Still the GPU accuracy is slightly worse than the CPU one. But comparing with the 5x times faster efficiency, I think it is acceptable for me.
Environment info
Operating System: Windows 7 (build 7601, Service Pack 1) 64bit CUDA 8.0 cuDNN 5.1
Hardware: CPU: Xeon E5-1620 V4 GPU: Asus GTX 1080 ti FE
Compiler: Downloaded pre-compiled version from Guido Tapia on 5/12/17
Package used (python/R/jvm/C++): Python
xgboost
version used: .6If you are using python package, please provide
Steps to reproduce
This gist shows an example with dummy data:
https://gist.github.com/gaw89/7b0d68e5b79c9d26f00c8472edf99b28
Here's the output:
GPU ---------------------------- [0] validation-logloss:0.678408 training-logloss:0.677604 [10] validation-logloss:0.558674 training-logloss:0.55084 [20] validation-logloss:0.469776 training-logloss:0.456777 [30] validation-logloss:0.403235 training-logloss:0.385644 [40] validation-logloss:0.349319 training-logloss:0.328338 [50] validation-logloss:0.306017 training-logloss:0.282227 [60] validation-logloss:0.271768 training-logloss:0.245588 [70] validation-logloss:0.243736 training-logloss:0.215626 [80] validation-logloss:0.219791 training-logloss:0.19035 [90] validation-logloss:0.200407 training-logloss:0.169535 [99] validation-logloss:0.184985 training-logloss:0.153226 Raw Validation Accuracy: 0.96708
CPU ---------------------------- [0] validation-logloss:0.678401 training-logloss:0.677562 [10] validation-logloss:0.558419 training-logloss:0.550815 [20] validation-logloss:0.470883 training-logloss:0.45759 [30] validation-logloss:0.40312 training-logloss:0.385283 [40] validation-logloss:0.349083 training-logloss:0.32783 [50] validation-logloss:0.306609 training-logloss:0.282439 [60] validation-logloss:0.271177 training-logloss:0.244778 [70] validation-logloss:0.242388 training-logloss:0.214145 [80] validation-logloss:0.219018 training-logloss:0.189054 [90] validation-logloss:0.199262 training-logloss:0.168125 [99] validation-logloss:0.184332 training-logloss:0.152177 Raw Validation Accuracy: 0.96748
As you can see, CPU provides slightly better accuracy. However, when I try this on my real dataset (which I cannot include here), the difference is vast.
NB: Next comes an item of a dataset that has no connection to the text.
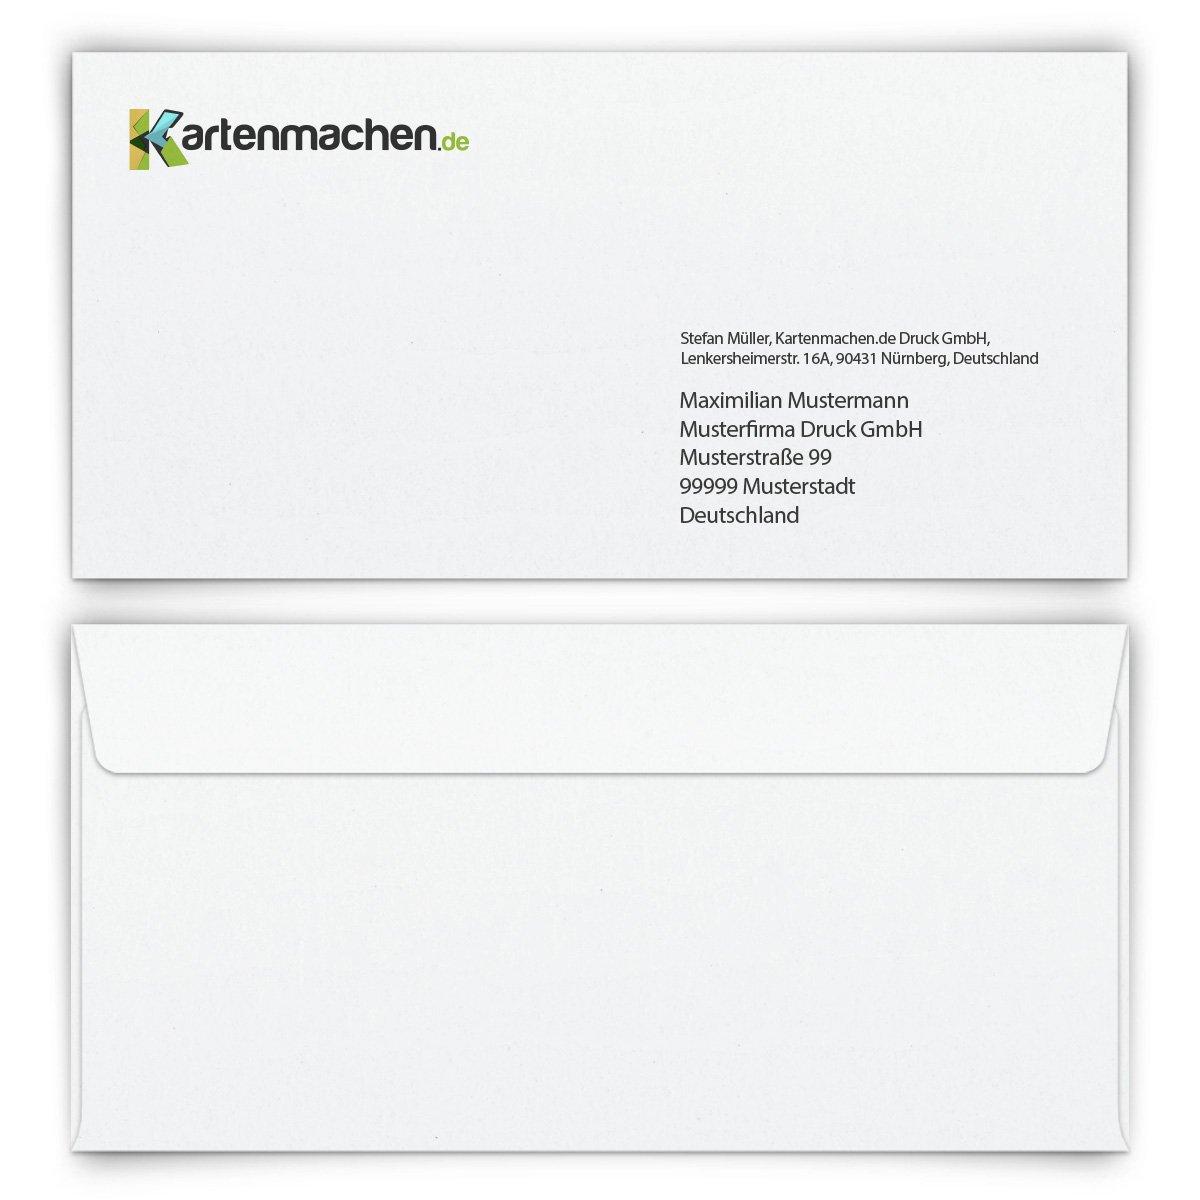 50 x Personalisierte Briefumschläge DIN Lang 220 x 110 mm - Weiß individuell bedruckt mit Logo B0757WXL59 | Perfekte Verarbeitung  | Reichhaltiges Design  | Spaß

In fact, the GPU logloss is all over the place.
GPU ---------------------------- [0] validation-logloss:20.5582 training-logloss:19.9119 [10] validation-logloss:8.30447 training-logloss:10.8549 [20] validation-logloss:6.82514 training-logloss:7.73837 [30] validation-logloss:19.178 training-logloss:15.8284 [40] validation-logloss:12.5911 training-logloss:10.5985 [50] validation-logloss:16.3701 training-logloss:12.7894 [60] validation-logloss:13.9307 training-logloss:10.9101 [70] validation-logloss:16.2863 training-logloss:12.2042 [80] validation-logloss:13.3689 training-logloss:10.2872 [90] validation-logloss:11.5154 training-logloss:9.0604 [99] validation-logloss:15.6321 training-logloss:12.9941 Raw Validation Accuracy: 0.462666467155
CPU ---------------------------- [0] validation-logloss:0.683447 training-logloss:0.681888 [10] validation-logloss:0.602152 training-logloss:0.592586 [20] validation-logloss:0.544172 training-logloss:0.525163 [30] validation-logloss:0.499751 training-logloss:0.475508 [40] validation-logloss:0.466776 training-logloss:0.435446 [50] validation-logloss:0.441168 training-logloss:0.40346 [60] validation-logloss:0.420259 training-logloss:0.378412 [70] validation-logloss:0.404089 training-logloss:0.358238 [80] validation-logloss:0.391373 training-logloss:0.342194 [90] validation-logloss:0.381069 training-logloss:0.328313 [99] validation-logloss:0.374225 training-logloss:0.318104 Raw Validation Accuracy: 0.847972467455
There are also substantial differences in feature importances between the various CPU/GPU, int/float versions of the model.
What have you tried?
GPU ---------------------------- [99] validation-logloss:0.375699 training-logloss:0.319473 Raw Validation Accuracy: 0.846663175221
CPU ---------------------------- [99] validation-logloss:0.375026 training-logloss:0.319558 Raw Validation Accuracy: 0.84587759988
Is this type of thing to be expected with differences in how GPU and CPU perform numerical operations? Is there any way to get comparable performance on GPU?